Tonight was different, though. Oh, the Judge was certainly in motormouth mode, blaring nonstop from his capacious back seat, as he flipped pages of the Blade and threw out pithy asides about key St. Marys County political and business figures he'd encountered at the Castle luncheon. And the Caddy ran as smoothly as ever, truly a pleasure: five hundred horsepower Earl's to command. Plus the Superintendent was sure he'd see Ruth tonight, and she would smile her proper smile and greet him by title, all the while fluttering over her husband with her most excellent help-meet act, while Earl watched with a half bemused smile, thinking about her grunting and thrashing sweatily beneath him as he pronged her with furious thrusts, at the same time squeezing the breath out of her.
Yes, tonight was different, and it was different because of the way today had gone.
For one thing, he'd given some thought to the event -- a party, of sorts -- Ruth had asked him to arrange for them. His conclusion? It was crazy, even nuttier than the boar-hunting episode. But how to evade it?
For another thing, he'd seen Clarisa again. This time she was driving a rattletrap Dodge Omni along the Serpentine Wall. Passing her the other way, Earl had seen her clearly; seen her two kids in their back seat booster chairs too. But by the time he found a way to turn around, even the powerful Corvette could not catch him up with her.
And then this afternoon Earl had learned via back channel means that the official status of the Medardo case was still listed as active. This made no sense. All things considered, by this time the status should have been downgraded to inactive and allowed to molder peacefully in the records.
Why still active?
What leads were they pursuing?
How could Earl find out, and then --
"Are you listening, Earl," the Judge repeated.

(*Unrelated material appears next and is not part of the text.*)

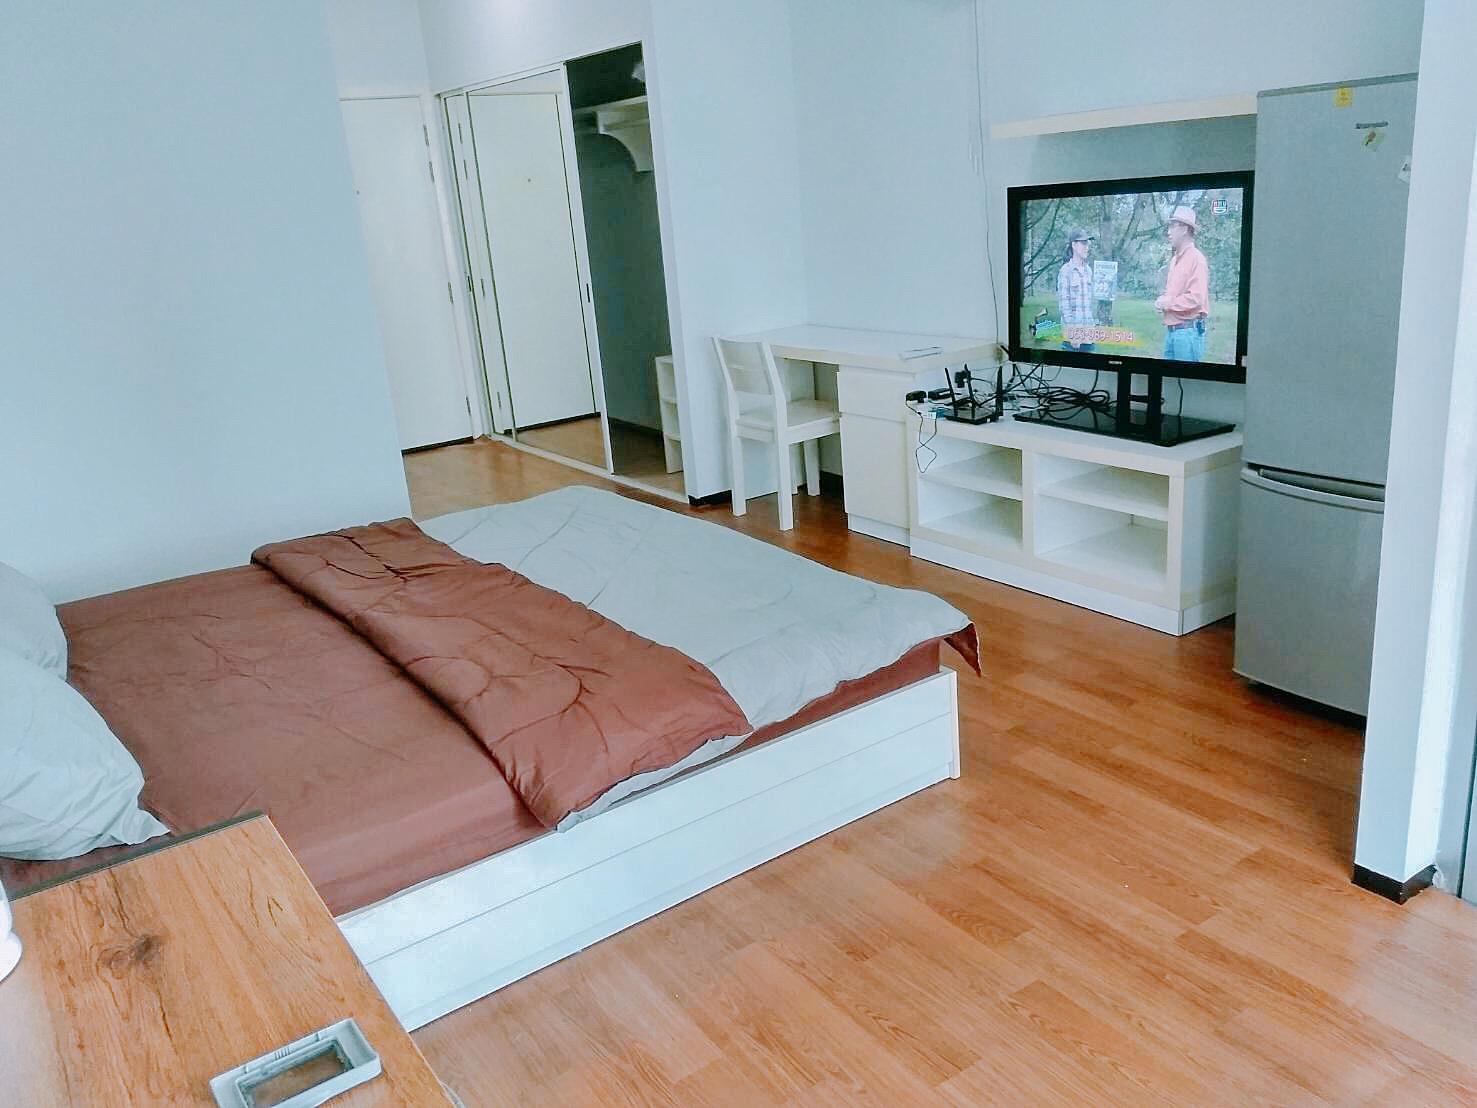 wattana bangkok stay hostel
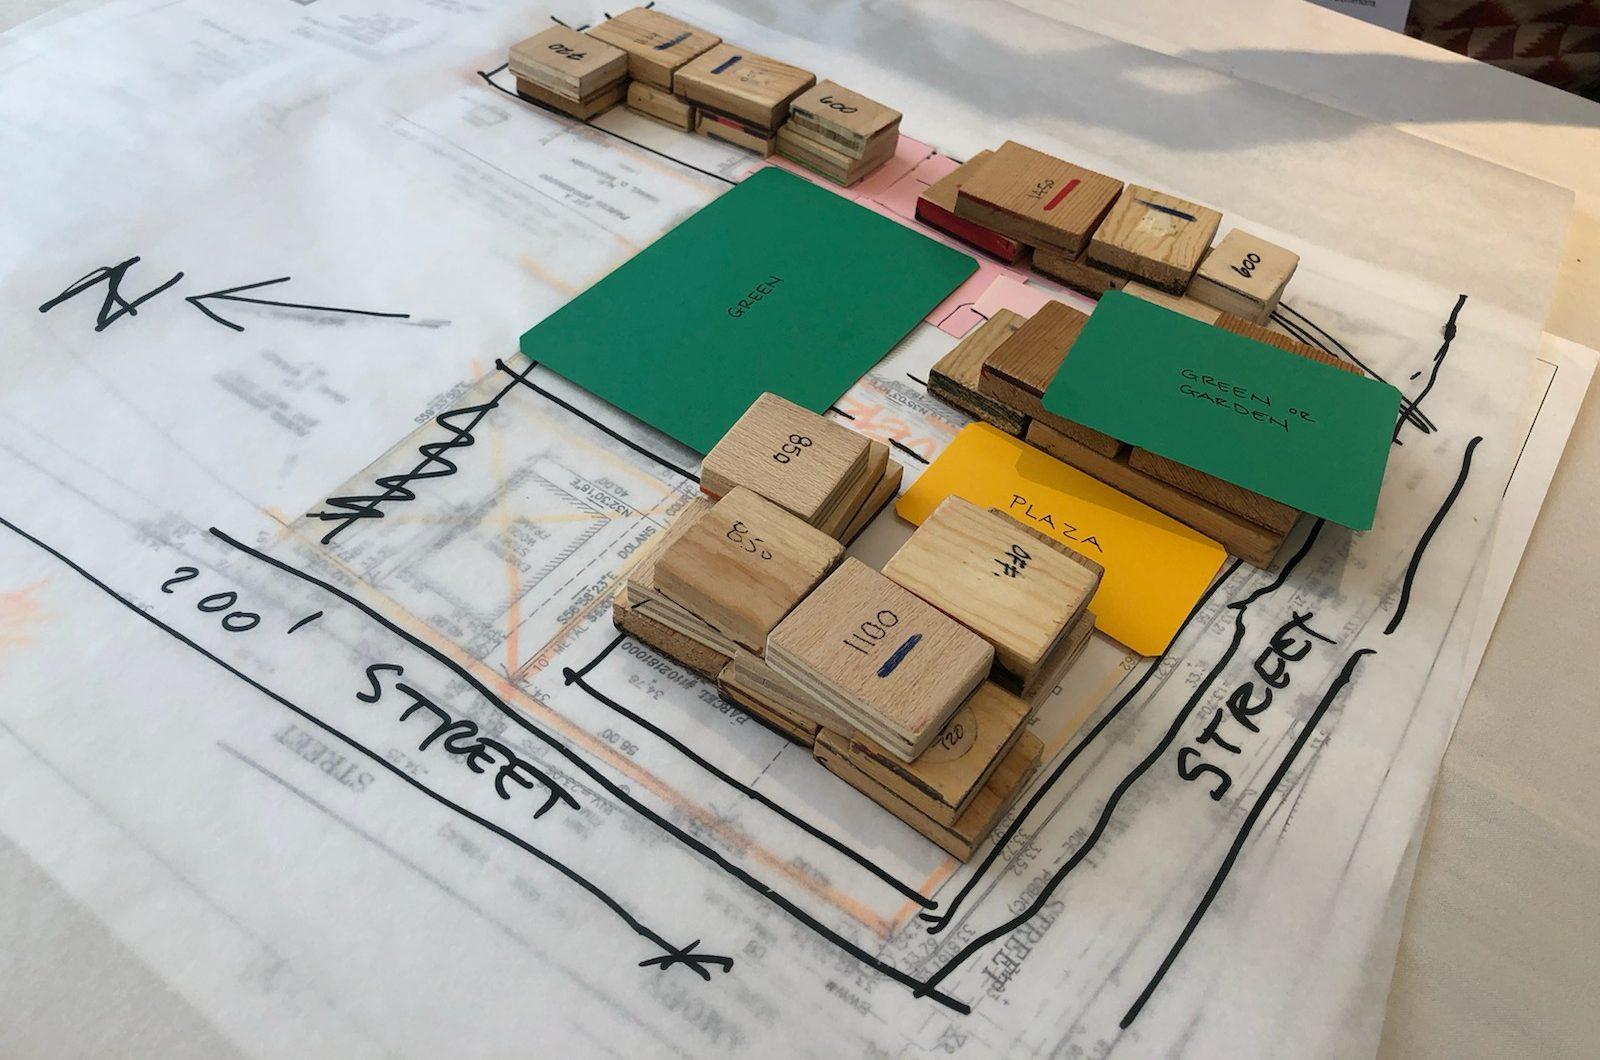 Cohousing Toronto

Startled, Earl realized he was about to overshoot the exit onto Pine Parkway. Expertly he drew the Caddy down and into the turn, replying as he did so: "Sorry, Judge, what was it again?"
"I had a talk today with a parole officer, young man I befriended years ago," the Judge said easily. "Name of McGladrey. Know him?"
Earl pursed his lips. "Oh, we've crossed paths."
"Know anything about him?"
"Not really."
"Well, he seems to know a thing or two about you."
"That so?"
"Seems to think," the Judge said with studied casualness, "that you've been doing some big-time misbehaving." A snap came, and some breathy sounds, and the aroma of cigar smoke. "So, Mister Earl Bucaro, just between you and me and the fencepost: What have you been up to?"